Tuesday, 1 August 2017

Diary: July 2017

21.7.17
Just spoke to young woman on number 14 bus practising card tricks. Amazing dexterity and fluency. She told me she learned by copying from YouTube and then read books.


21.7.17
Jane on my outfit: “Not sure about the frayed microcloth in your top pocket.”


21.7.17
Wayne Bridge knows where the dishwasher tablets are kept. And he prefers red sauce on his sausage sandwich.


14.7.17
At the bus stop on Old Street, a begging woman approached, having already been spurned by another waiting passenger.
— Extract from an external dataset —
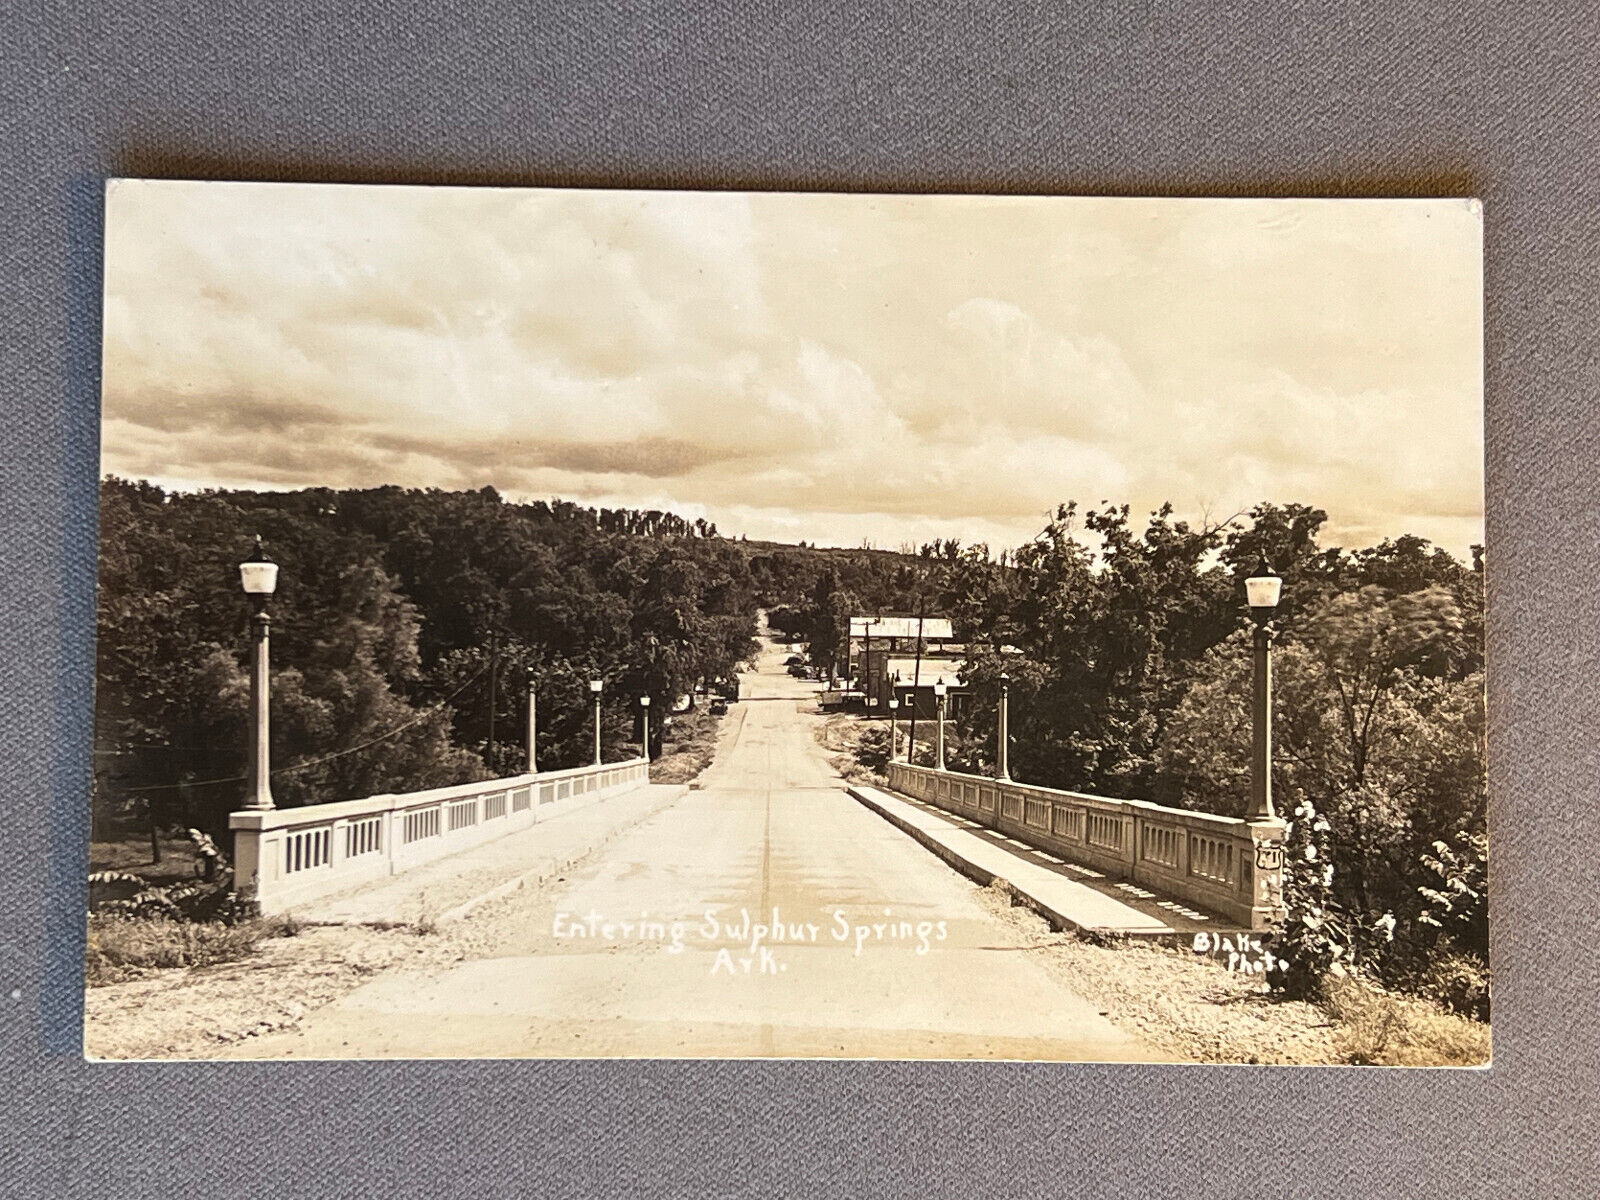 AR Arkansas RPPC, Entering Sulphur Springs Over Bridge, ca 1940

The begging woman looked at me pleadingly and told me she was hungry. I reached into my pocket, pulled out a £1 coin and handed it to her. She thanked me then added: “A sandwich costs £2.50.”


1.7.17
'I think Jeremy Corbyn is perfectly right to sack members of his shadow cabinet for not toeing his line on Brexit. This is British party politics: voters are forever being asked to compromise, but the politicians don’t have to. At some point the kinder, gentler politics was always going to take a leaf out of Alex Ferguson’s book and start throwing boots at people who disagreed with it...'
Marina Hyde, the Guardian


‘Grenfell’s residents were not viewed as people with a right to be heard but as pathetic supplicants, ungrateful for what had been bestowed upon them.’